Written by Ilana Glaser (Broad City and The Afterparty), “Boyd in 3D” is surprisingly high-ranking, according to Boys. A tale of morality between two Normans who, with the help of some Compound V face cream, turn into superstars, the short ones give up harsh humor for a more depressing gut blow. There’s a bit at the end, but for the most part, this is the one you should include if you’re squeezing a 12-minute episode into your lunch break.

The roughest thing: When Kumail Nanjiani’s character asks how Mr. Boyd handles Compound V

BFFs

Awkwafina's boy character watches her clever kaka admire the hairpin

Image: Amazon Prime Video

Awkwafina voices a young girl who has and befriends sensible stool from Compound V. What more do we want from animated stories?

Your mileage may vary depending on this – you may be the type of person who is inherently disgusted with reasonable feces, who am I to judge – but if you can put up with this shit, then you’re clean for this episode . Probably one of the few TV episodes based on stool that is hard to eat.

The roughest thing: A sea of ​​anthropomorphized feces that can’t distract from all this

Nubian vs. Nubian

a bitch walking towards the camera with outstretched arms

Image: Amazon Prime Video

After the daughter of two black superheroes in an unstable marriage, “Nubian vs. Nubian” is another that enters more into the moral tale than into the war circle. There is certainly nasty violence (again: these are The Boys, this is the whole deal), but almost all the brutal things happen off screen.

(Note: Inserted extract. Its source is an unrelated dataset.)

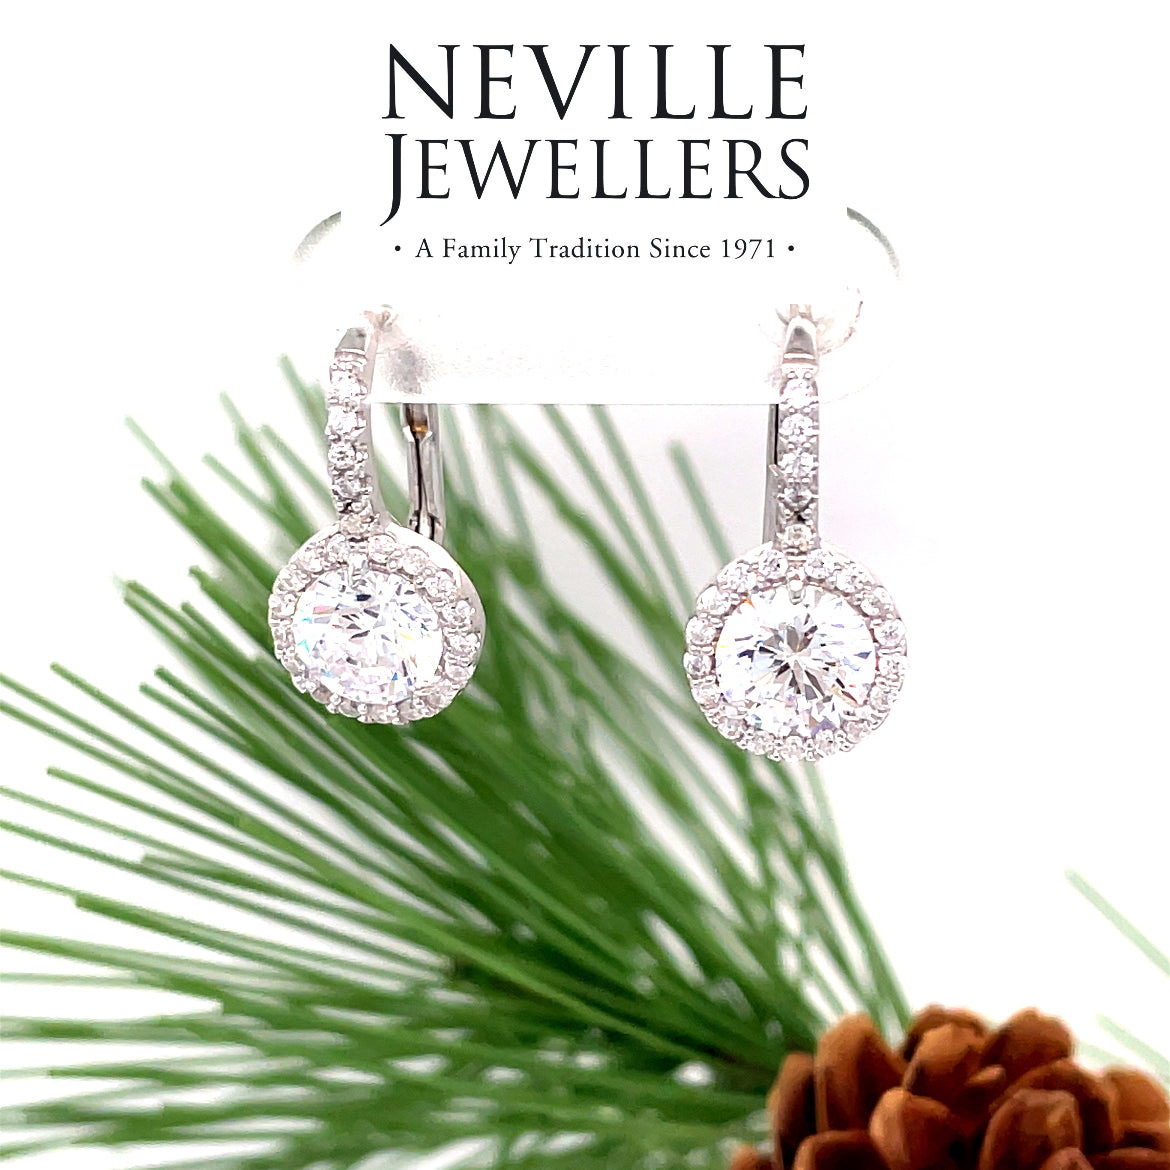 Sterling Silver White Cubic Zirconia Drop Halo Cluster Earrings
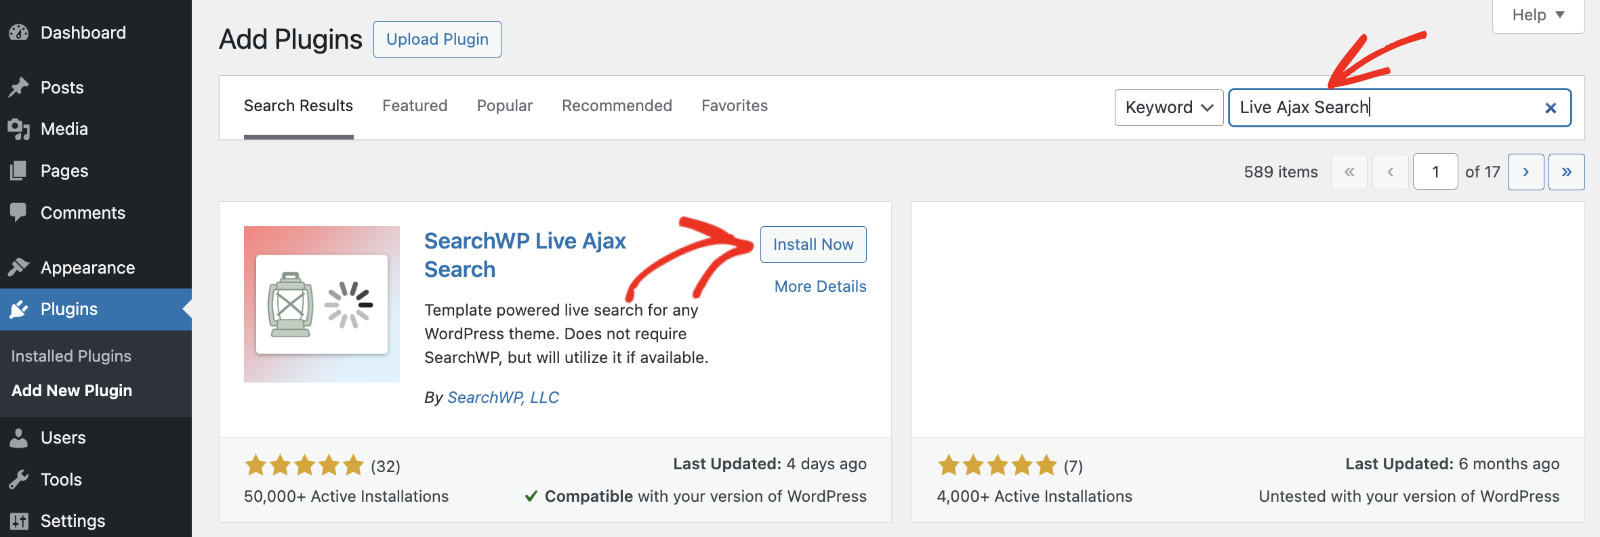 How To Add Live Search To WordPress For Free: Install Live Ajax Search Step 2

The roughest thing: Watching a girl’s dreams … scatter

John and Sun Hee

Written by Andy Samberg, you can expect this to be filled with clever but risky humor. But instead, “John and Sun-Hee” mostly avoids blood, causing your stomach to shrink from the quiet, desperately sad situation we find old John (Randall Duck Kim, of The Matrix and John Wick) as he tries to cures his wife’s inoperable cancer. Director Steve Ying Chang An allows the delicate animation to paint a story that – although it has its violent moments – is the most melancholy chapter of The Boys to date.

The roughest thing: Technically homeless photo of body parts dotted in a hotel room. But the runner-up is Andy Samberg, who does that to us.

“One plus one equals two”

Homelander and his guide in a scene from The Boys: Diabolical

Image: Amazon Prime Video

Without spoiling anything: The last chapter of The Boys: Diabolical is about Homelander’s first foray into the field with Black Noir. Next to “Animated Short Film”, this is the most brutal head and certainly one of those who enjoy close-ups of parts of the body that slide.

The roughest thing: One of several dozen deaths during the mission; choose your poison.

All eight episodes of The Boys: Diabolical are now available in Prime Video.